In order to help human vets come to a speedy diagnosis, the GekkoVet tool synthesises over 50,000 pages of clinical source material to provide a list of clinical symptoms. The vet then selects the relevant symptoms and the tool returns a list of possible diagnoses ranked according to probability. This approach makes it much easier for vets to access the vast amounts of reference information they rely on, saving them precious time without undermining their clinical judgement, knowledge, and expertise.

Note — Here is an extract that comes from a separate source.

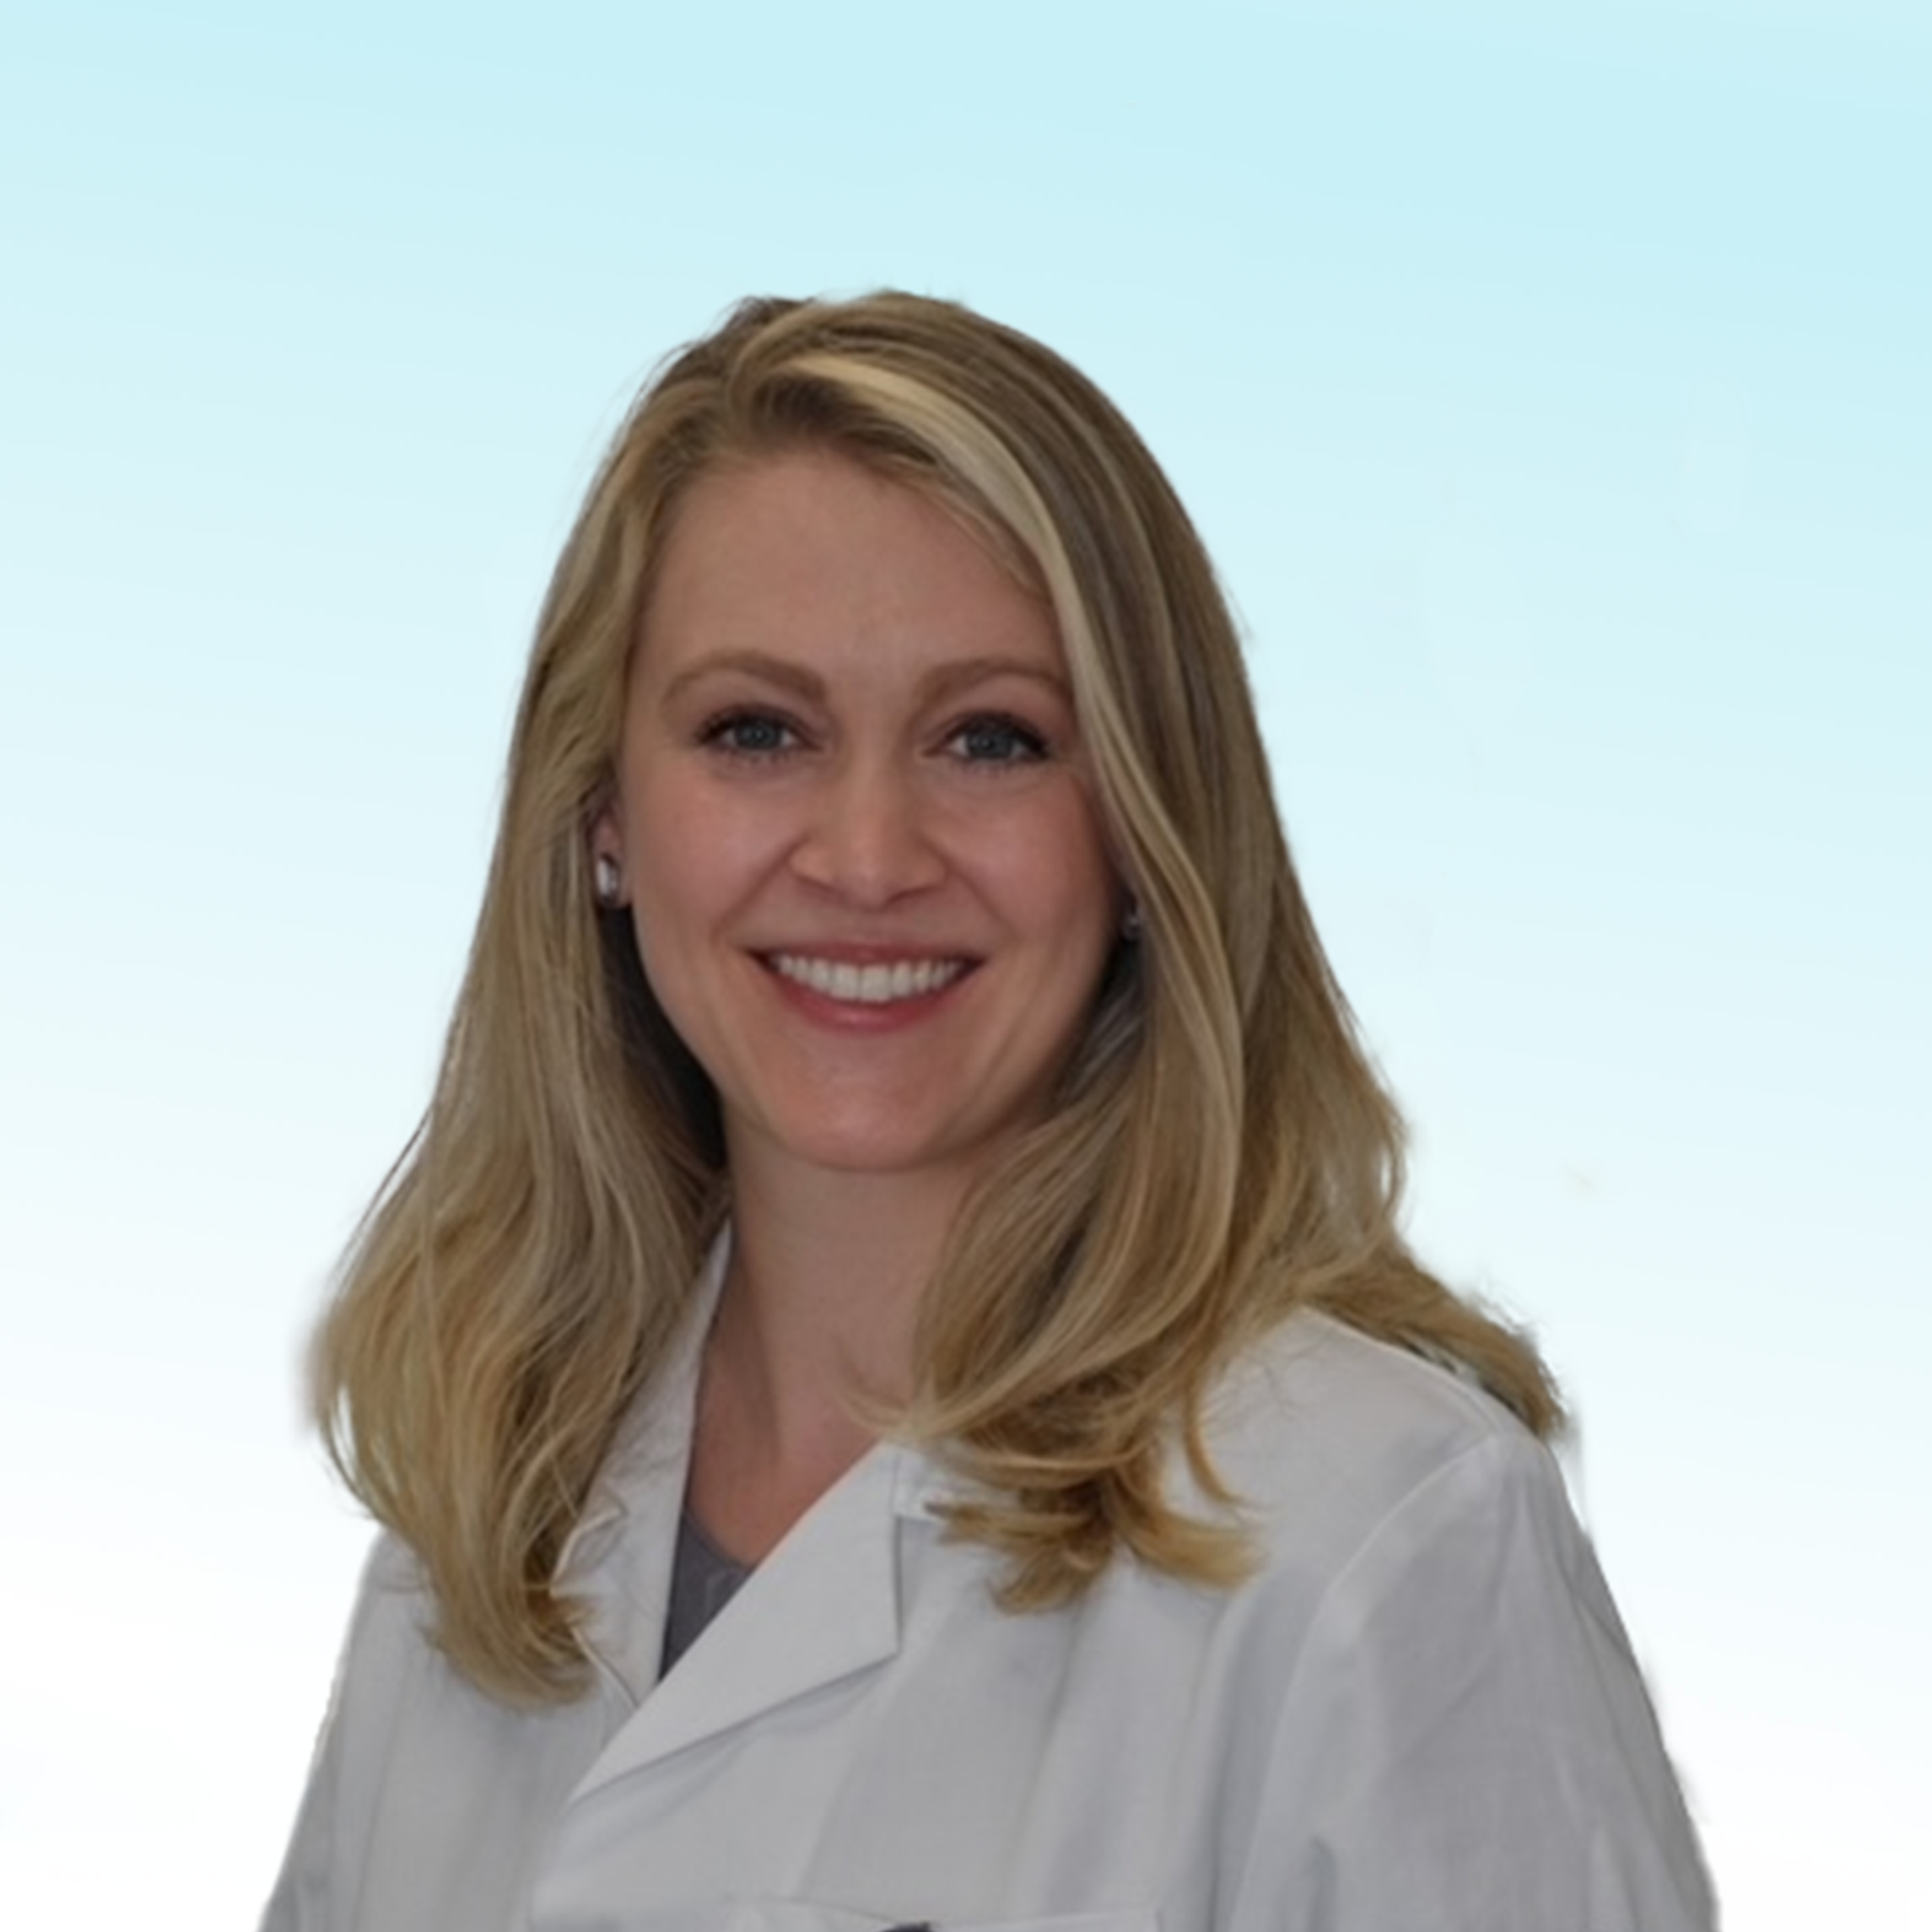 Dermatologue, Dr. med. Corinne Eggenschwiler

“In the face of severe staff shortages that aren’t going anywhere soon our industry has no choice but to evolve to survive,” explains Arbor Pointe Veterinary Hospital owner and veterinarian Dr. Mike Petty. “For too long we’ve relied on Google and stacks of books for our reference needs. Everything else is accessible from a few taps on a cell phone—except clinical (decision making) tools.”
GekkoVet recently appeared as a showcase finalist at the Animal Health, Nutrition and Technology Innovation summit in Boston.
Springwise has recently spotted innovative approaches to streamlining the diagnosis of human conditions. These include deep AI imaging diagnostics that help doctors prioritise patient care, the use of whole genome sequencing to diagnose rare diseases, and deep learning image analysis for breast cancer diagnosis.